The Midlands Regional Hospital, Portlaoise () is a public hospital located in Portlaoise, County Laois, Ireland. It is managed by Dublin Midlands Hospital Group.

History
The hospital, which replaced Laois County Infirmary, was designed by Drogheda born Irish architect Michael Scott, and was built between 1933 and 1936.

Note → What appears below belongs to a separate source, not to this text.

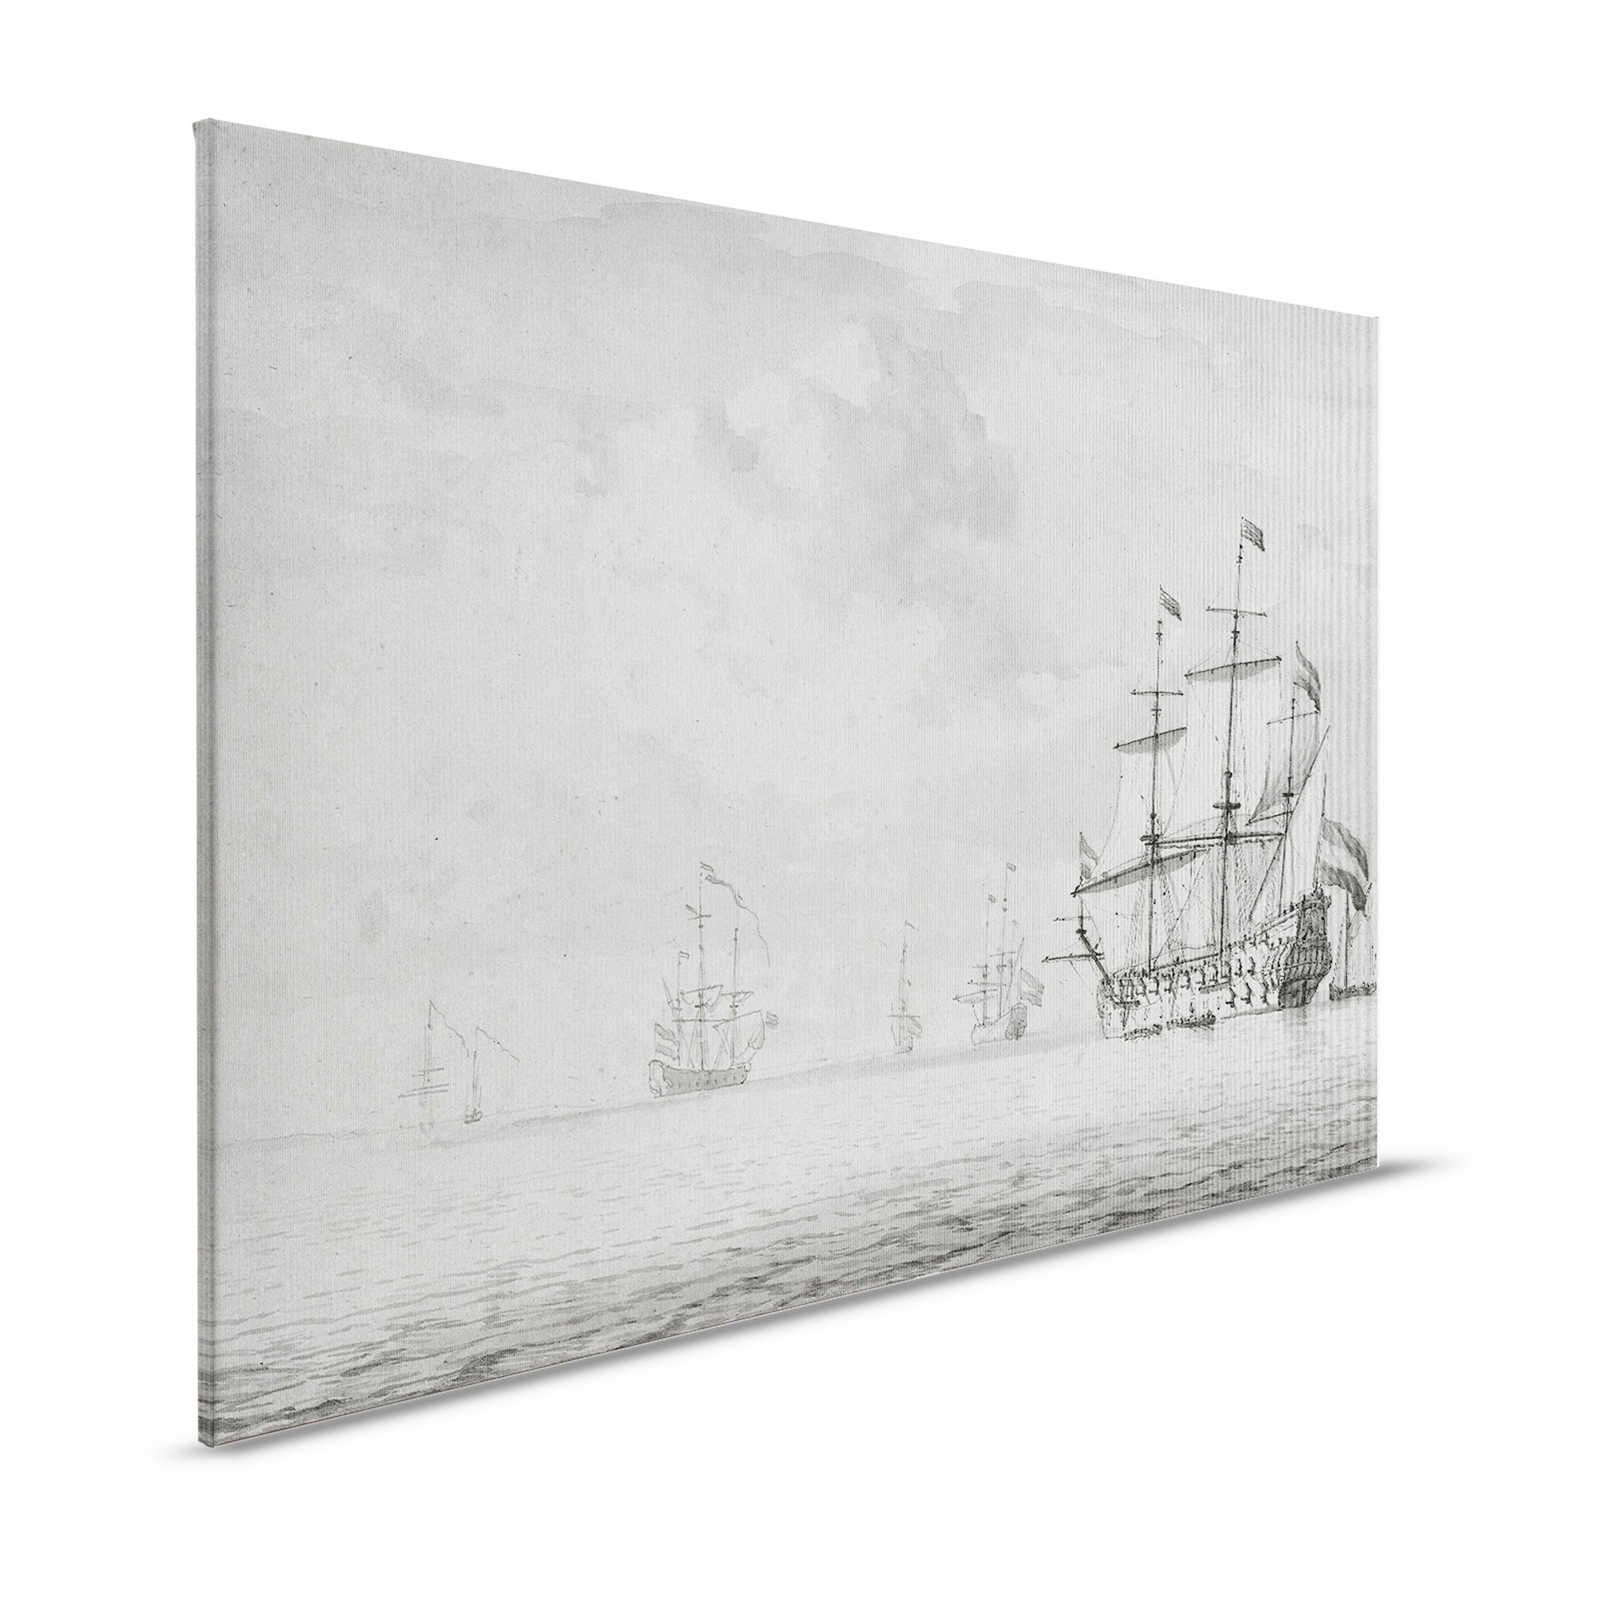 On the Sea 2 - Toile gris-beige Bateaux style peinture vintage - 1,20 m x 0,80 m

On 5 March 2008, reports were published regarding the breast cancer misdiagnosis scandal at the hospital. A very high misdiagnosis rate was found to have occurred between 2003 and 2007.

On 30 January 2014, the RTÉ Investigations Unit broadcast a Prime Time programme about the tragic deaths of newborn babies in Portlaoise Hospital and the subsequent management of patients and their families by the hospital and the HSE. A statutory investigation was launched and it found that 8 babies had died due a lack of know-how and a lack of resources at the hospital.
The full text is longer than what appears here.